1006.3 Proprietary Information

(a) For purposes of this Part only, proprietary information may consist of any information subject to disclosure pursuant to this Part the disclosure of which would compromise a manufacturer's competitive position. Any proprietary information submitted or divulged to the Department of Health pursuant to this Part shall not be available for, or subject to, public disclosure. Proprietary information shall include, but is not limited to, any:

(1) Commercially valuable plan, formula, process, or device that is used for the making,

preparing, or processing of vapor products, e-cigarettes, or their components, and that can be said to be the end product of either innovation or substantial effort. There must be a direct relationship between the proprietary information and the productive process; or

(2) Valuable data or information which is used in a manufacturer’s business and is of a type customarily held in strict confidence or regarded as privileged and not disclosed to any member of the public by the person to whom it belongs.

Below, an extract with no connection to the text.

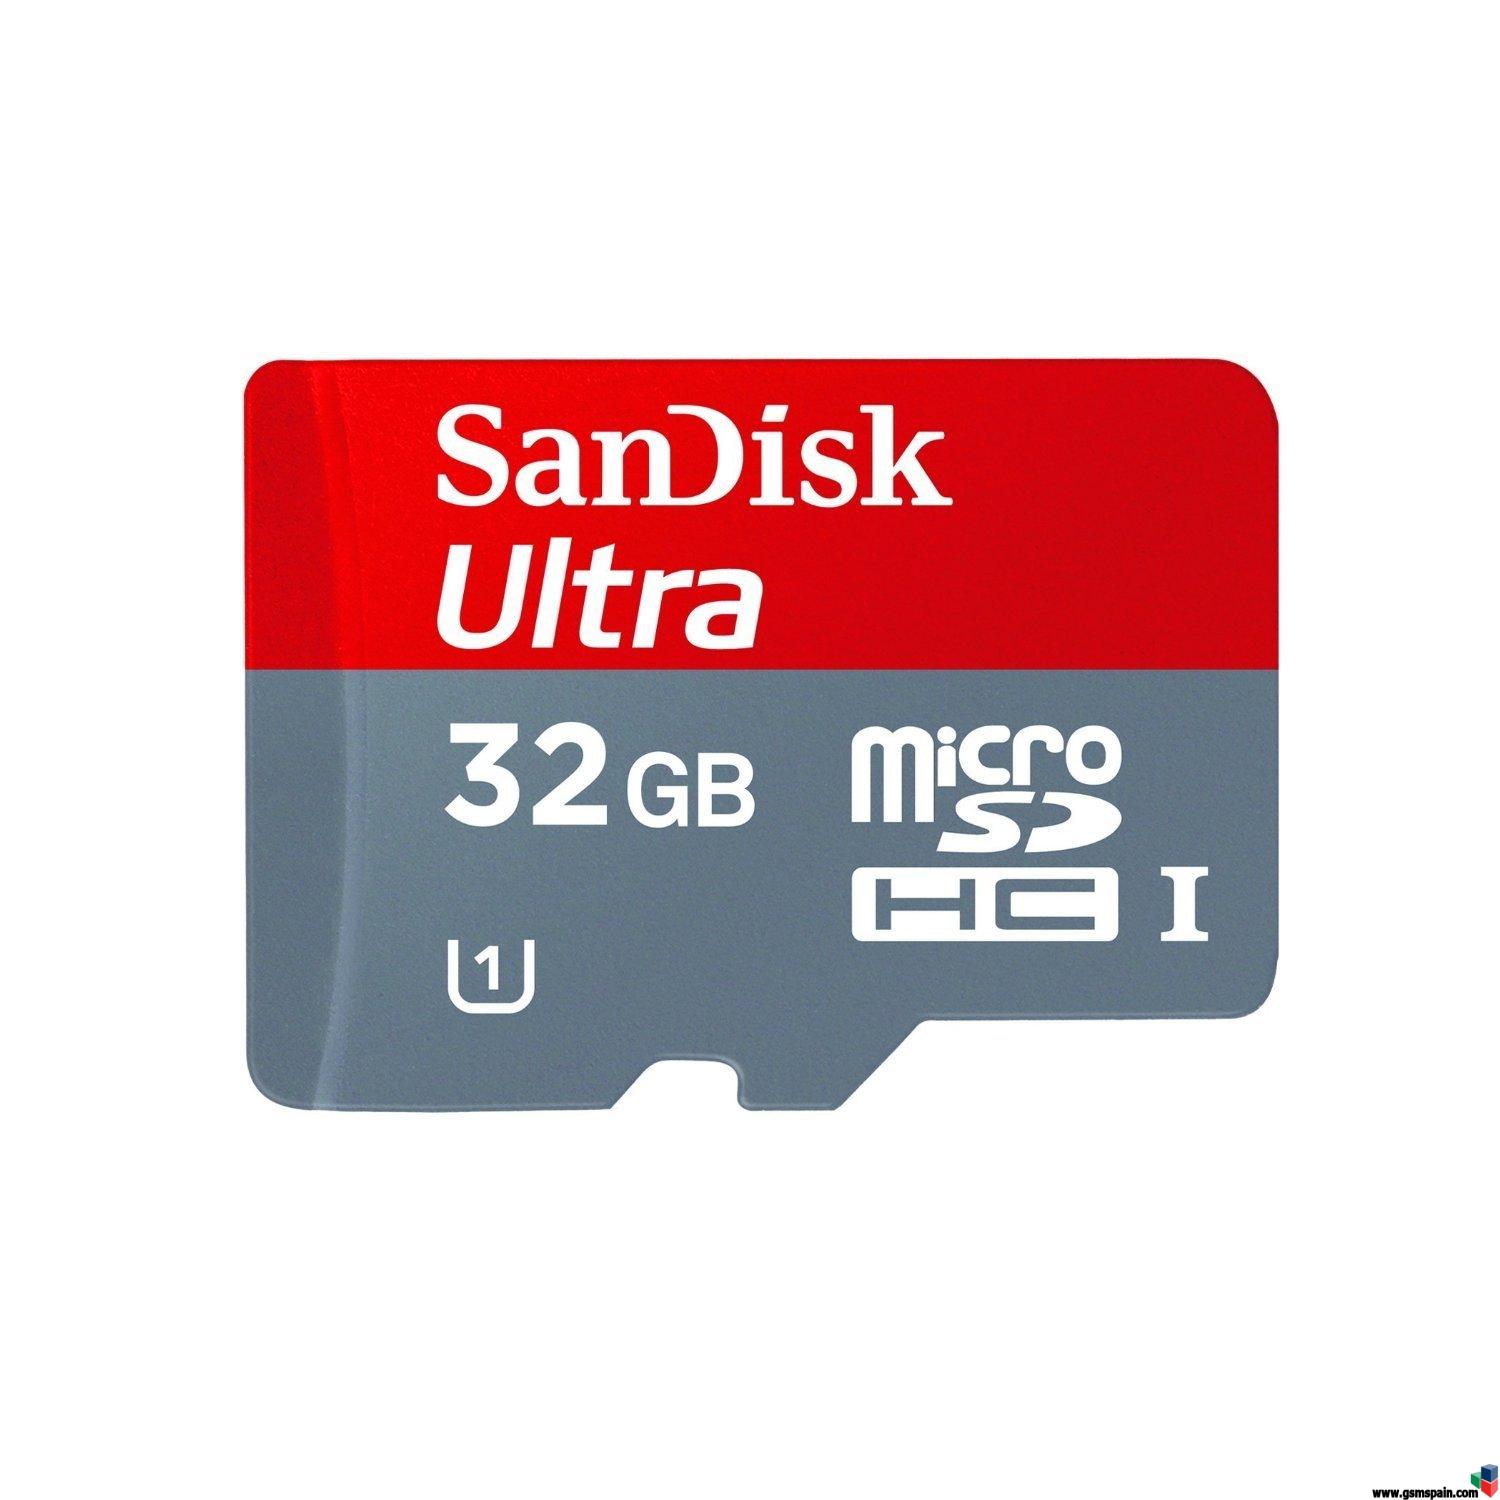 [VENDO] MicroSDHC 32gb clase 10 SanDisk

(b) A manufacturer submitting information to the Department pursuant to this Part may designate part or all of the information in such records as exempt from disclosure. The Manufacturer may make this designation either at the time the records are submitted to the Department or within a reasonable time thereafter. Such designation must be in writing and must set forth the reasons why the information should be excepted from disclosure as proprietary information, including, as appropriate:

(1) the specific information requested to be considered proprietary information, including, where applicable, page, form, line, chart or table designation;

(2) the confidential nature of the record, including a description of the nature and extent of the injury to the manufacturer’s competitive position such as unfair economic or competitive damage which would be incurred were the information to be disclosed;

(3) whether the information is treated as confidential by the manufacturer, including whether it has been made available to any other manufacturer or to the public;

(4) whether any patent, copyright, or similar legal protection exists for the information;

(5) whether the public disclosure of such information is otherwise restricted by law, and the specific source and contents of such restrictions;

(6) the date upon which such information will no longer need to be kept confidential, if applicable;

(7) whether the request itself constitutes information which, if disclosed, would defeat the purpose for which proprietary status is sought;

(8) whether the information is known outside of the business of the manufacturer, and the extent to which the record is known by the employees and others involved in the business of the manufacturer;

(9) the value of the information to the manufacturer and to its competitors;

(10) the amount of effort or money expended by the manufacturer in developing the information, and the ease or difficulty with which the information could be properly acquired or duplicated by others;

(11) any other factors considered relevant.

(c) When information designated as proprietary information has been submitted to the Department, it shall be excepted from disclosure and maintained apart by the Department from all other records until 15 days after the entitlement to such exception has been finally determined by the Commissioner or such further time as ordered by a court of competent jurisdiction.

(d) A denial of an exception from disclosure requested pursuant to this section shall be final.

(e) The Commissioner shall not approve any exceptions under this section with respect to any ingredient that is a chemical of concern on one or more lists identified by the Commissioner.